Worse, the sector will become even more vulnerable if long-term rates rise — say, if the price of oil and other goods rises because the Strait of Hormuz stays shut. And if a wider turmoil in bond markets then erupts, there is another risk that has received scant attention: global co-ordination, or the lack of it.

As Robert Hormats, a former economic official in the Obama administration, points out, after the 2008 crisis the G20 leaders co-ordinated their policies to quell the shock. So, too, during the 1990s Asian financial crisis (at least among western allies). “The U.S. took the lead and worked with other countries,” Hormats tells me. But, he notes, this co-ordination only works with trust.
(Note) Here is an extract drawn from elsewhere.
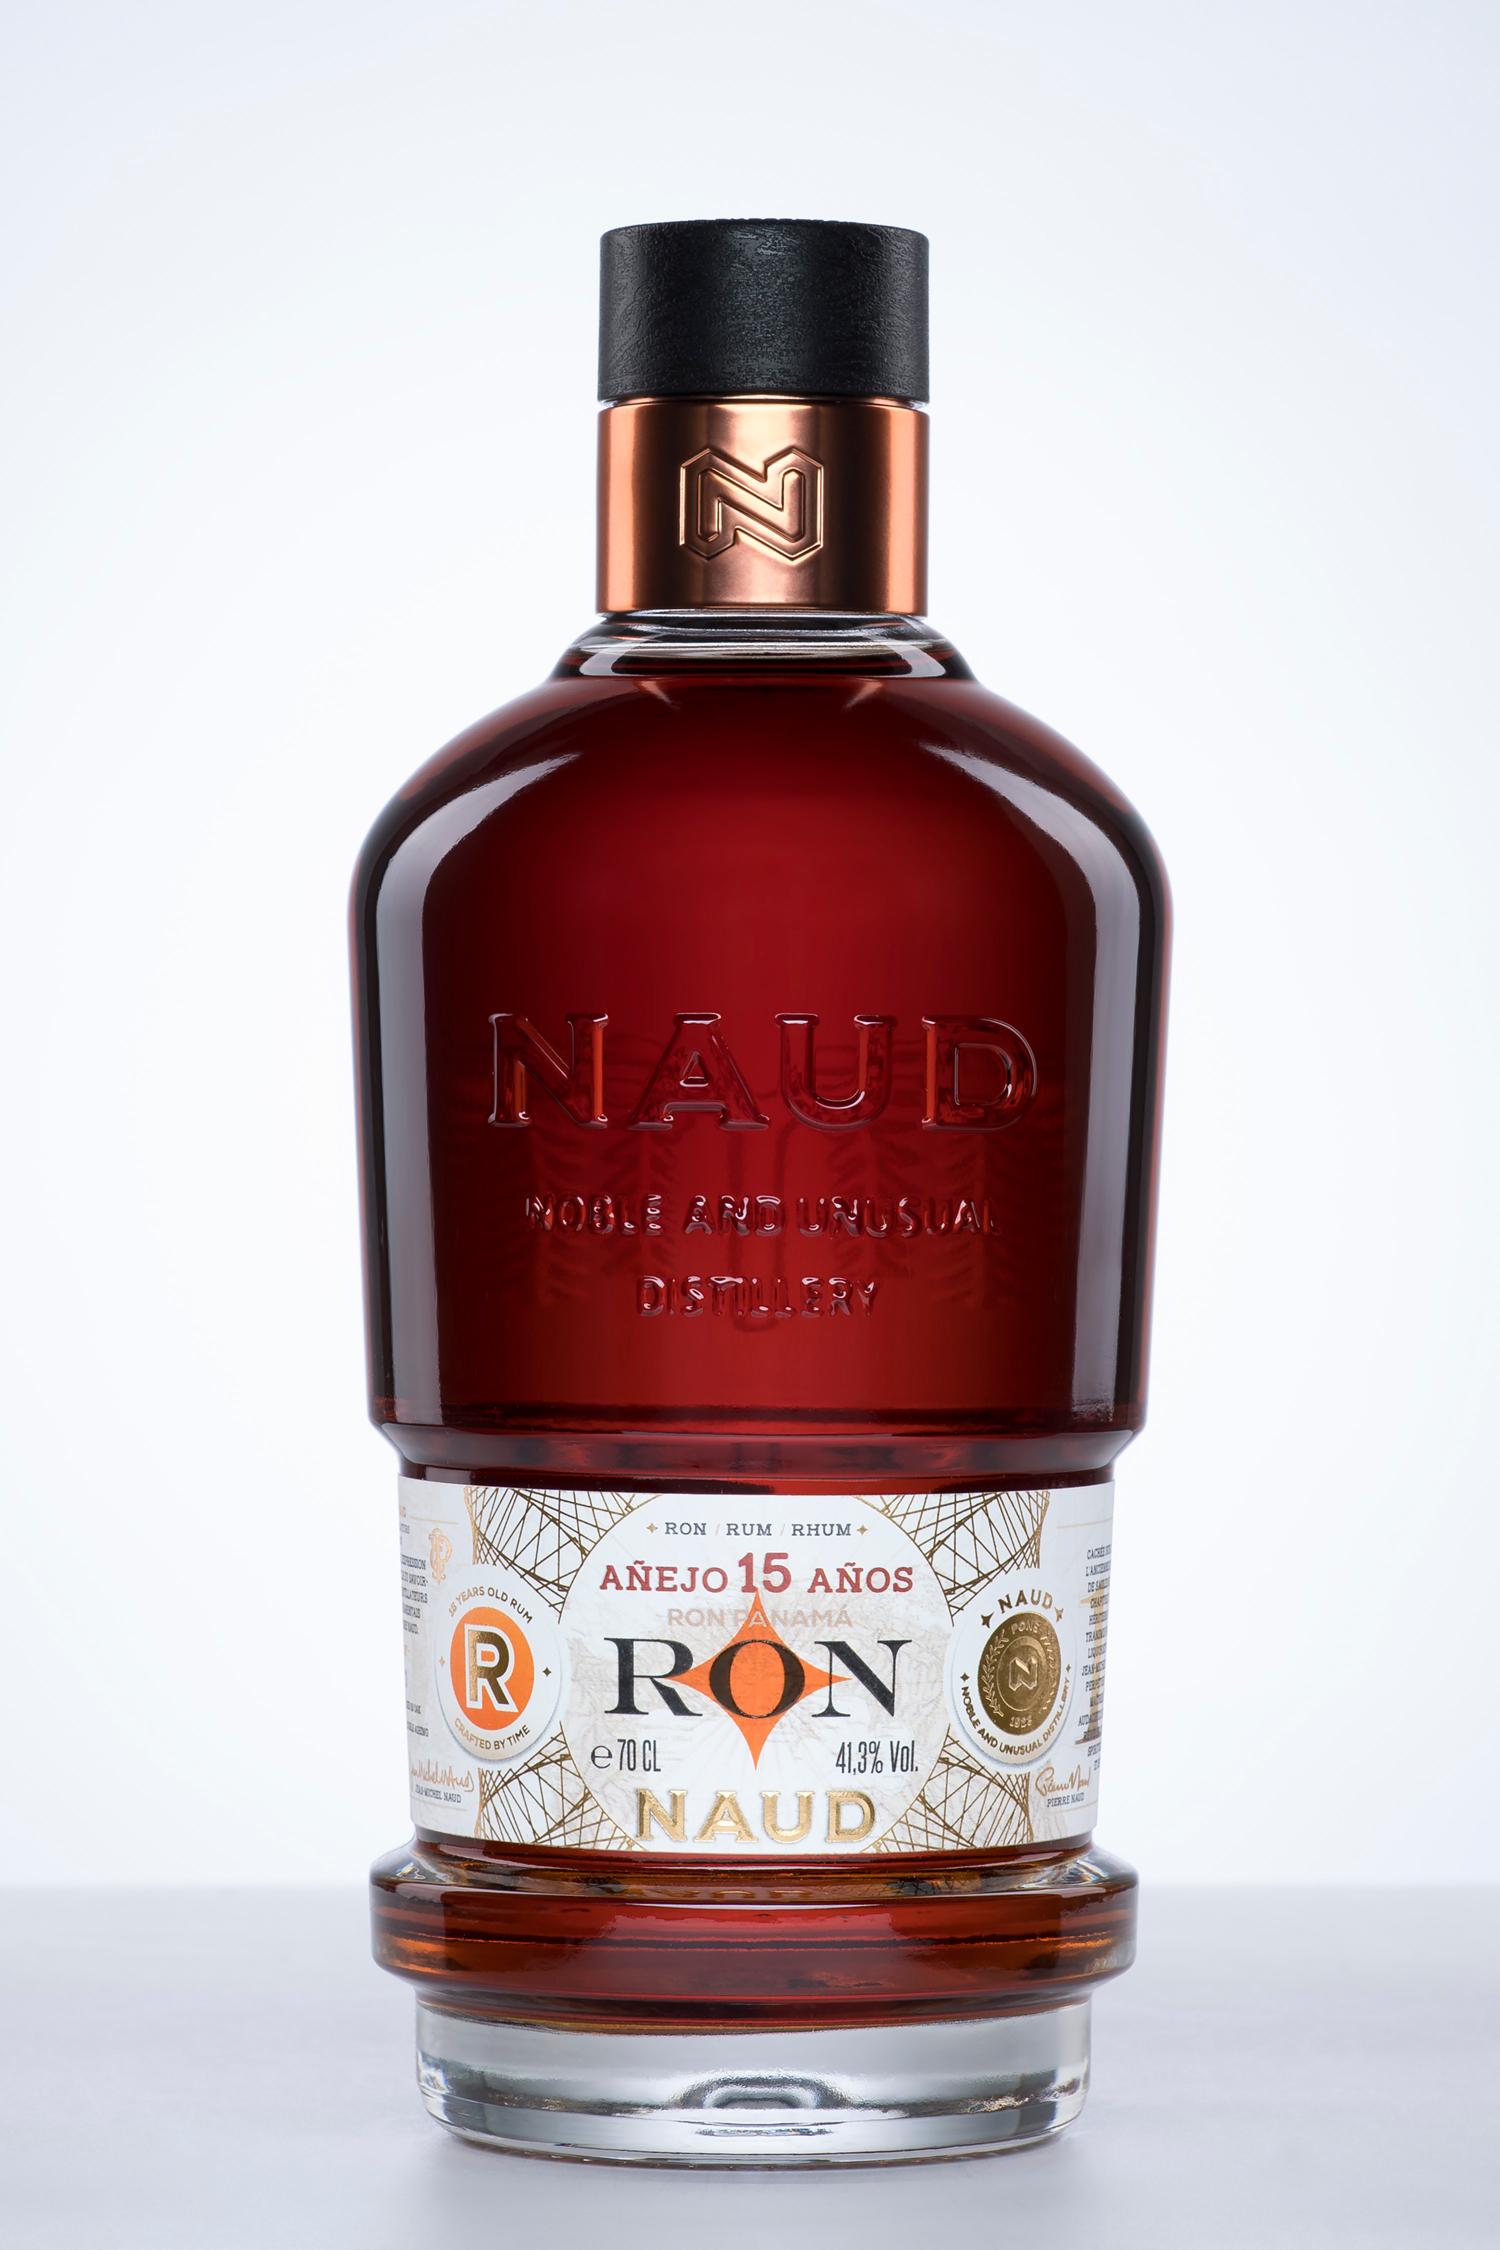 NAUD_Bouteilles_SPIRITUEUX_Cognac-Rhum-Gin-Vodka-Identite-Marque-Graphisme-Etiquette_PLANET-DESIGN-PARIS-Eric-Berthes_07.jpg

Trump has now shattered much of that. It is thus alarmingly unclear whether the White House could quell a cross-border panic today, particularly since its fiscal and monetary firepower is low.

Hopefully, this will not be tested. But the longer the Middle East turmoil grinds on, the more risks will rise. Or to put it another way: the Iran war-private credit combination may not seem damaging enough to cause a global recession, but it could certainly spark financial tremors. Listen out for that long “hiss.”